Gilberto Gil cantou clássicos de sua carreira em versões repaginadas pelo trio Macaco Bong no Auditório Ibirapuera
Por Leonardo Dias Pereira Publicado em 24/11/2010, às 15h20
"Esta apresentação, como dizem no futebol, é o intervalo entre o primeiro e o segundo tempo dos seminários. E o principal propósito é mostrar toda a diversidade da cultura musical brasileira", explicou Gilberto Gil quando o tempo regulamentar do espetáculo Futurível, em São Paulo, começava a se esgotar. Por "seminários" entenda-se o Fórum Internacional Geopolítica da Cultura e da Tecnologia, realizado entre os dias 11 e 13 de novembro, que teve o ex-ministro na curadoria, e o II Fórum da Cultura Digital Brasileira, que começa nesta segunda, 15, e vai até o próximo dia 17, ambos na Cinemateca Brasileira.

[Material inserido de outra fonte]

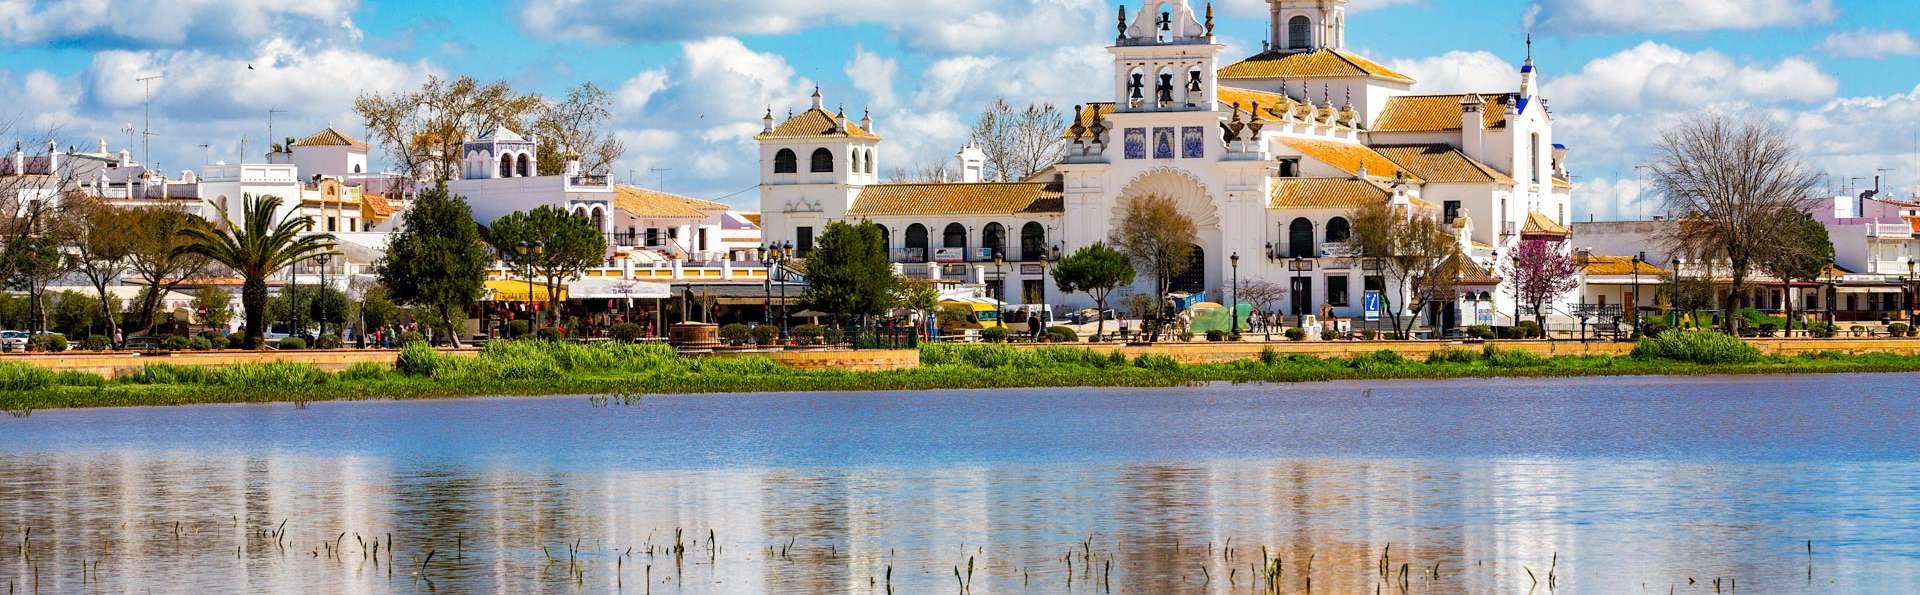 Precise Resort El Rompido - The Club - EDIT_DESTINATION_02.jpg
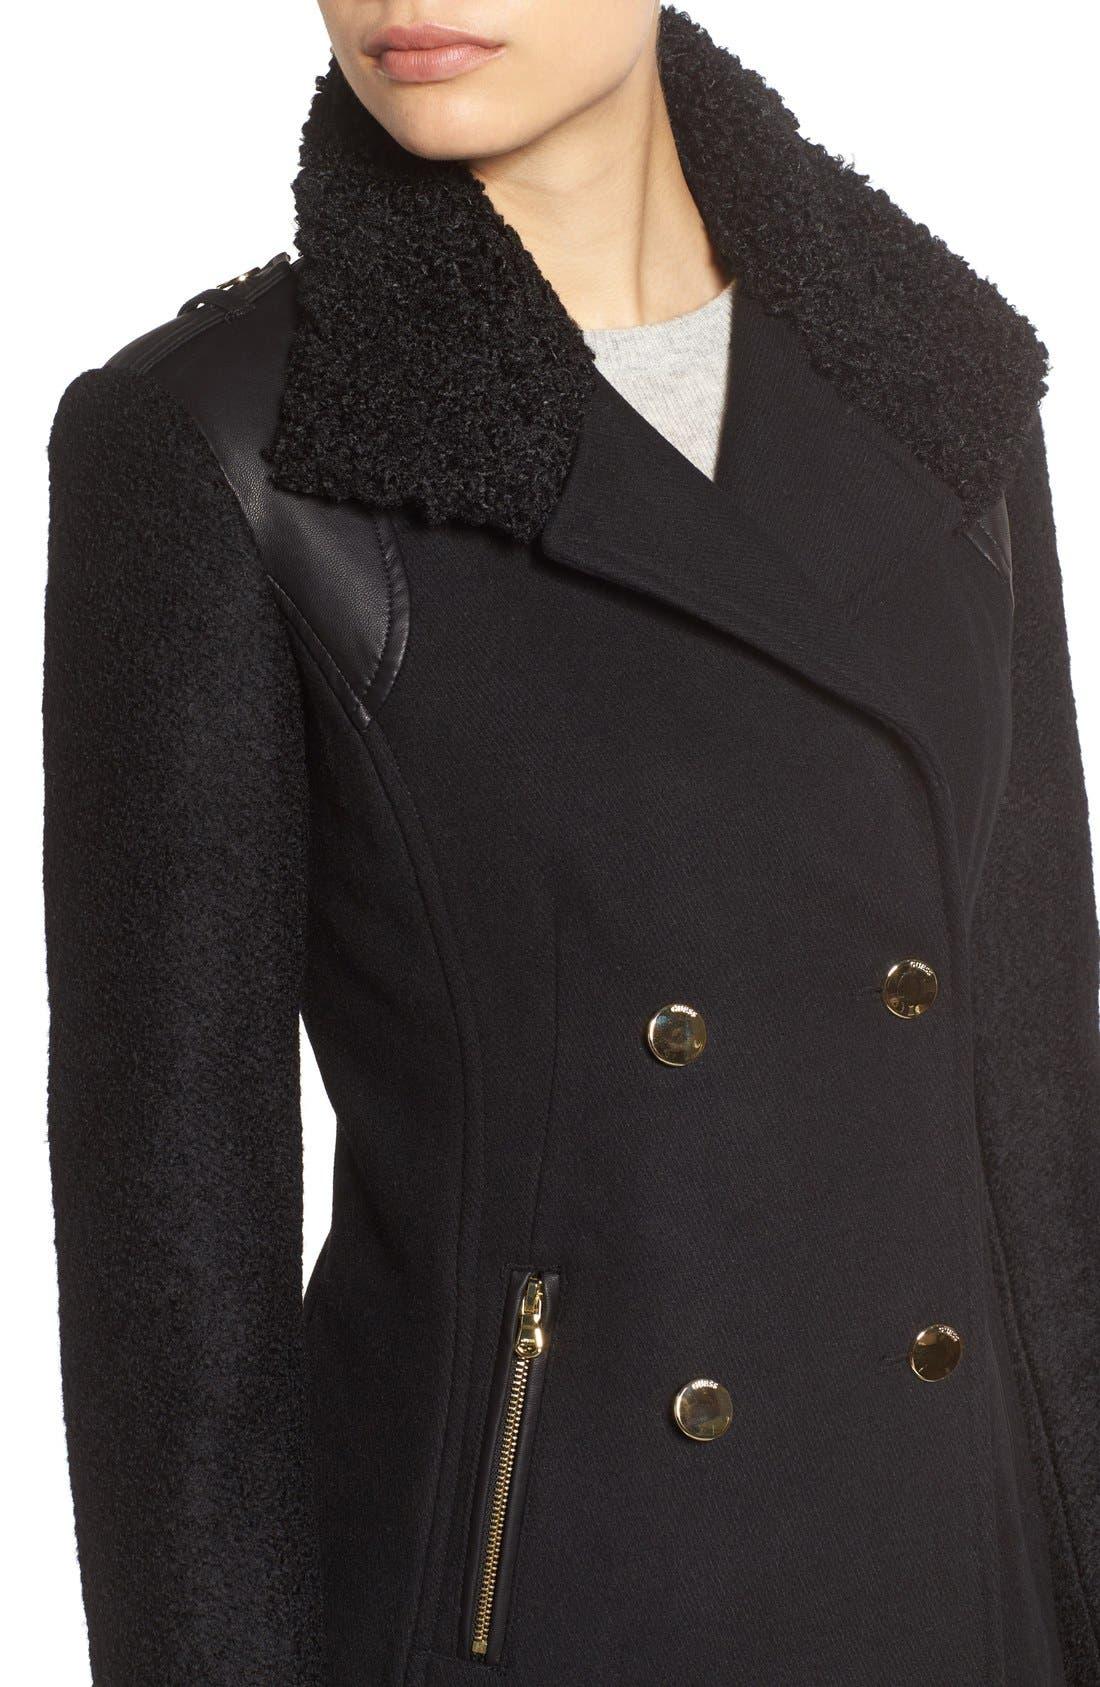 Bouclé Sleeve Wool Blend Military Coat,                             Alternate thumbnail 4, color,                             Black

E a fala de Gil não foi mero truque retórico para agradar a plateia já entregue naquele momento, à sua presença magnetizante. Extraído do título de uma canção do eterno porta-bandeira do movimento Tropicália feita em 1969, "futurível" é a junção das palavras "futuro" e "possível", neologismo que se transformou em espetáculo músico-visual para um Auditório Ibirapuera abarrotado, privilegiado em presenciar um momento de convergência de expressões artísticas, gerações e gêneros musicais distintos. No evento, roteirizado para não ter interrupções, e tendo Gil como ponto de intersecção, os personagens da noite iam entrando e saindo do palco sem dar brecha para qualquer leve dispersão - e as imagens projetadas pelo VJ Scan, misturando flashes de manifestações culturais com outras captadas no momento, foram importantes neste propósito.
DJ Tudo, codinome usado pelo músico e produtor Alfredo Bello, e Sua Gente de Todo Lugar abriram os trabalhos mostrando a sua eficaz apropriação (no bom sentido) de ritmos regionais como maracatu ("Sou Massapé"), baião ("Baião Antigo") e repente ("Quero Bater no Pandeiro"). Em "Chiclete com Banana" aconteceu a primeira aparição de Gil na noite. Acompanhado de seu filho Bem Gil no pandeiro e da Banda de Pife Princesa do Agreste, vinda de Caruaru (Pernambuco), o baiano arrancou aplausos com uma sambadinha meio desajeitada. Sem a música cessar, todos saíram deixando apenas a banda de pife no palco. Vestidos à caráter (com direito a chapelão de cangaceiro no cocuruto), os integrantes transcenderam a figuração e ganharam aplausos vigorosos ao fim de suas músicas, sempre anunciadas com causos engraçados sobre as circunstâncias que as influenciaram.
O power trio instrumental Macaco Bong entrou discretamente e disparou os primeiros acordes de "Fuck You Lady" antes mesmo dos simpáticos senhores pernambucanos seguirem o caminho das coxias. Mas o momento mais aguardado era saber como ficaram os novos arranjos elaborados pelos cuiabanos para clássicos de Gil, que seriam executados ali com a luxuosa presença do autor. "Aquele Abraço" e "Cérebro Eletrônico" tiveram a espinha dorsal quebrada e ganharam melodias conduzidas por uma tensão provocada pelas linhas de baixo e bateria, impelindo Gil a cantar com agressividade. "Bat Macumba" foi levada em boa parte pelas palmas da plateia, com breve intervenção dos meninos do Macaco "Bongo", como Gil teimava em chamá-los. O suingue apareceu brevemente em "Vitrines", e foi quebrado com a frieza criada em "O Canto da Ema" e "Omã Iaô", com Bruno Kayapy criando uma parede de guitarra dissonante. A desconstrução de "Palco" foi a mais radical, sendo percebida apenas pela indefectível letra, quase falada por Gil em meio a ataques rasantes proporcionados pelo trompetista e saxofonista do DJ Tudo. No final todos retornaram ao palco para tocar novamente "Baque Forte" e a noite terminou com o público seguindo a banda de pife numa marcha festiva até o saguão de entrada do auditório.